All six opportunities for NASA to test launch a new device for landing heavy payloads on Mars have been scrubbed due to weather.
NASA said in a news release on Wednesday evening that the launch of its fly-saucer-shaped vehicle scheduled for Saturday, June 14, won’t happen due to “unfavorable weather conditions.”
In order to launch from the U.S. Navy’s Pacific Missile Range Facility in Kauai, Hawaii, the winds have to be blowing in a direction that pushes the spacecraft out to sea. So far, the winds have been blowing inland, and unfortunately, the agency’s reserved time at the Hawaii facility is about to expire.
NASA will hold a media teleconference at 1 p.m.
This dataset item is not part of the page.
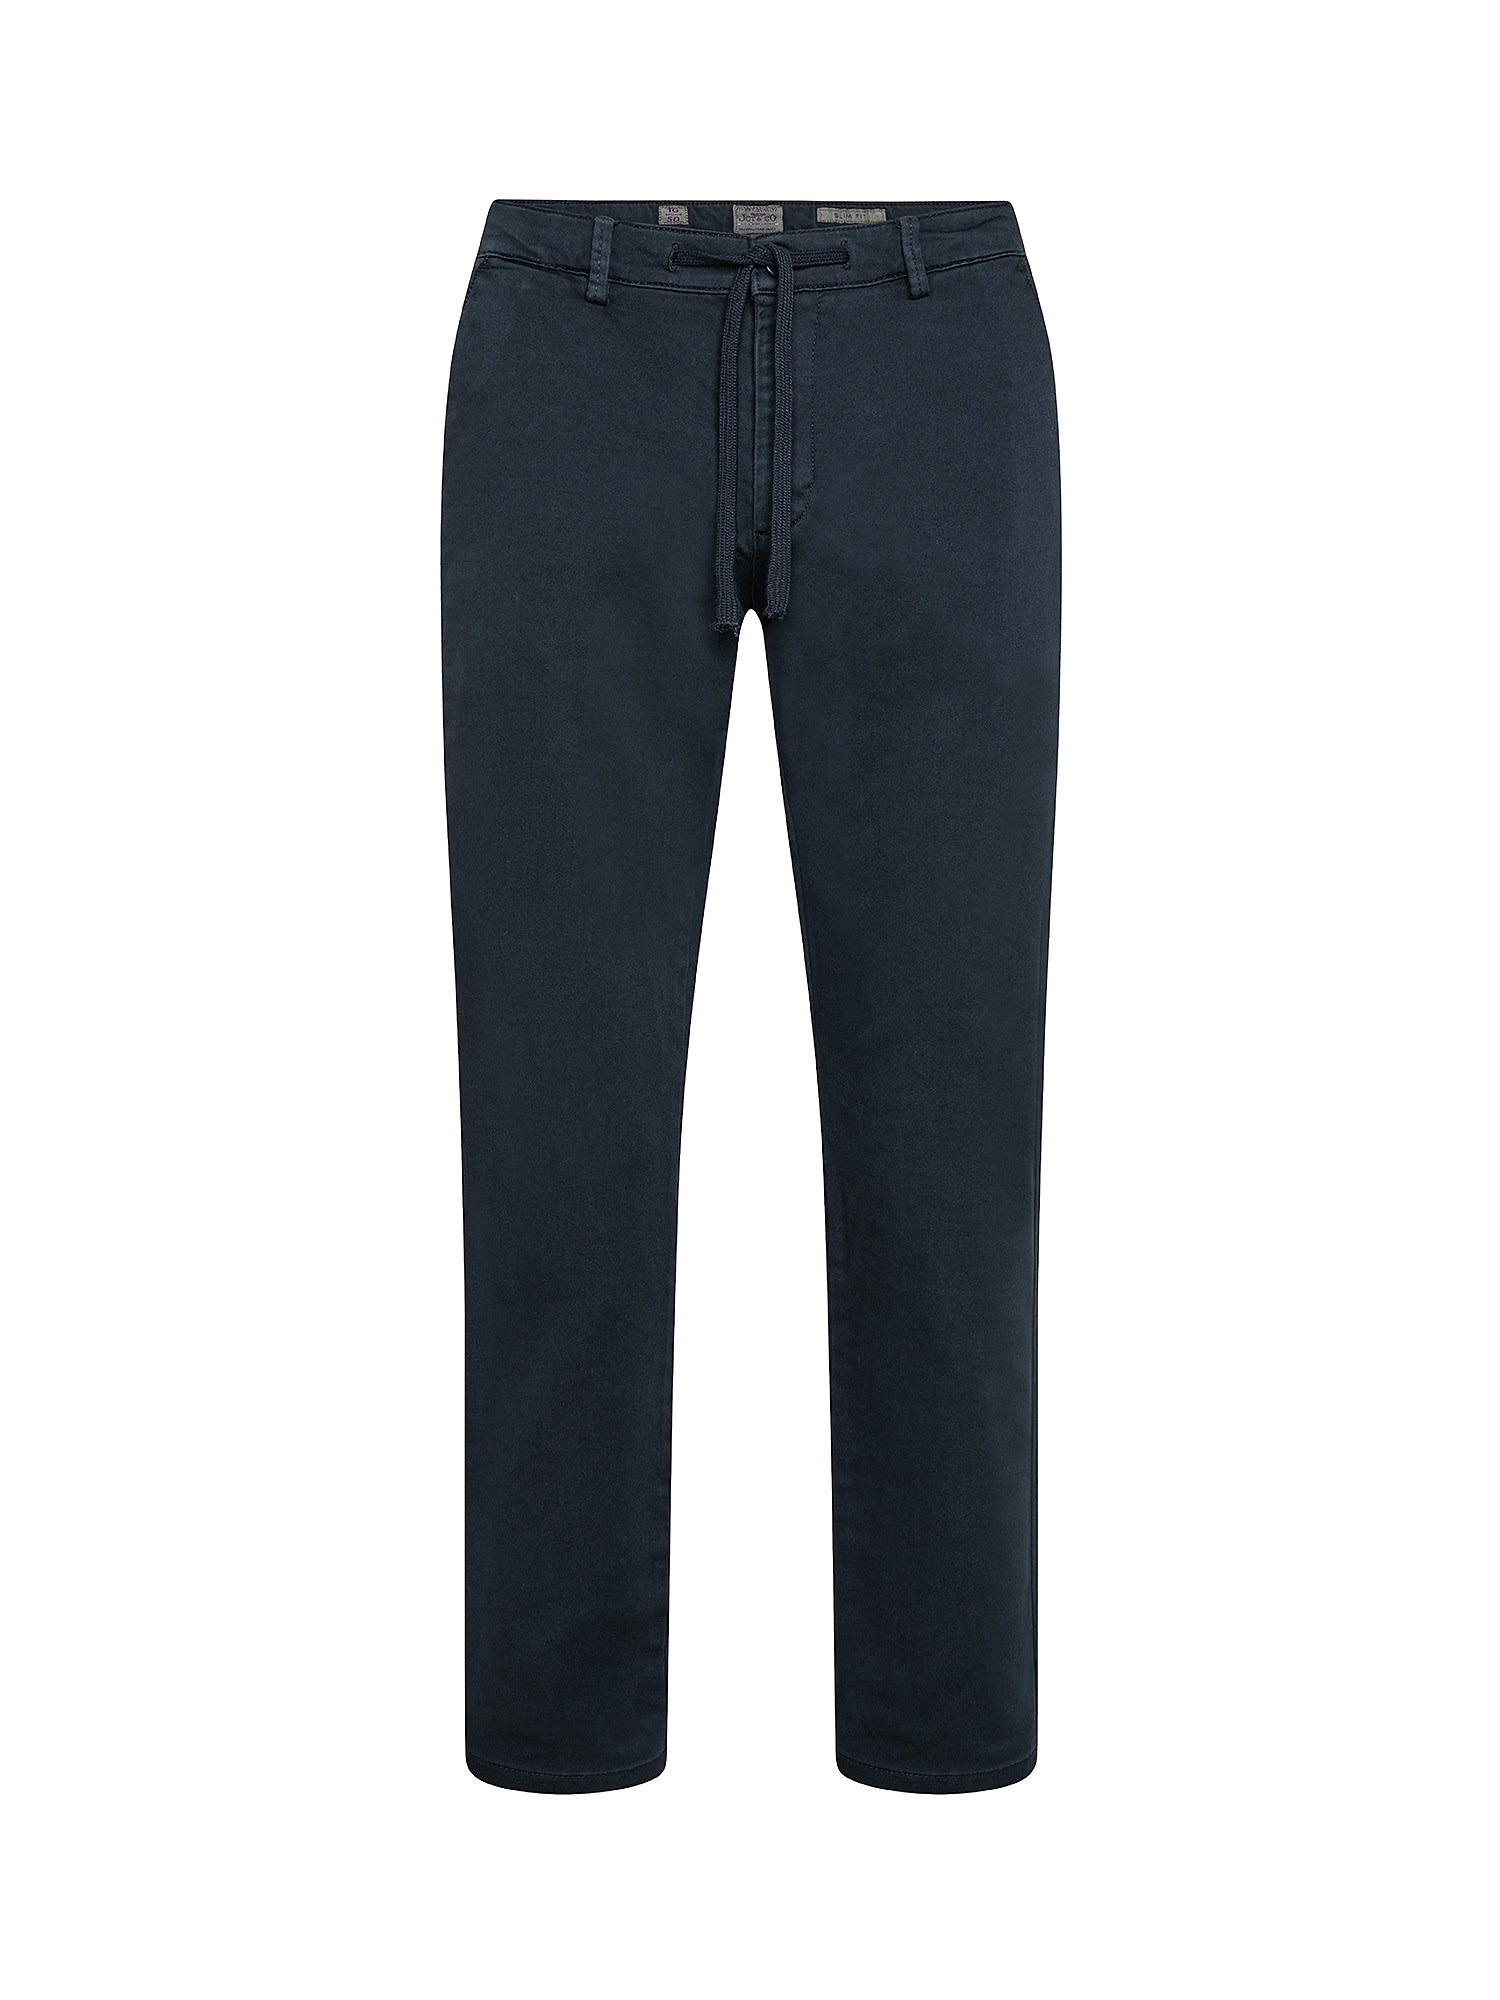 Pantalone chinos regular in felpa, Blu, large image number 0

ET on Thursday to discuss how the delay will affect the mission and “possible next steps for the project.”
The disk-shaped test vehicle is part of the Jet Propulsion Laboratory’s Low Density Supersonic Decelerator (LDSD) project, which is focused on developing technologies that can slow down and land large payloads (like a crew of humans, for instance) on Mars at safe speeds.
The new test vehicle is designed to handle double or triple weight of the jet-powered sky crane that lowered the one-ton Curiosity rover onto the Martian surface in 2012.
According to a preliminary flight plan, after being launched from Hawaii, a giant balloon would lift the saucer test vehicle to a height of around 120,000 feet. At that altitude, rocket engines would fire to accelerate the saucer to high speeds.
As the vehicle descends, an inflatable drag device, or decelerator, would inflate around the vehicle to slow it from around Mach 3.5 to Mach 2 or lower. A parachute would also deployed to further slow down the vehicle and land it gently in the Pacific ocean where it would be recovered.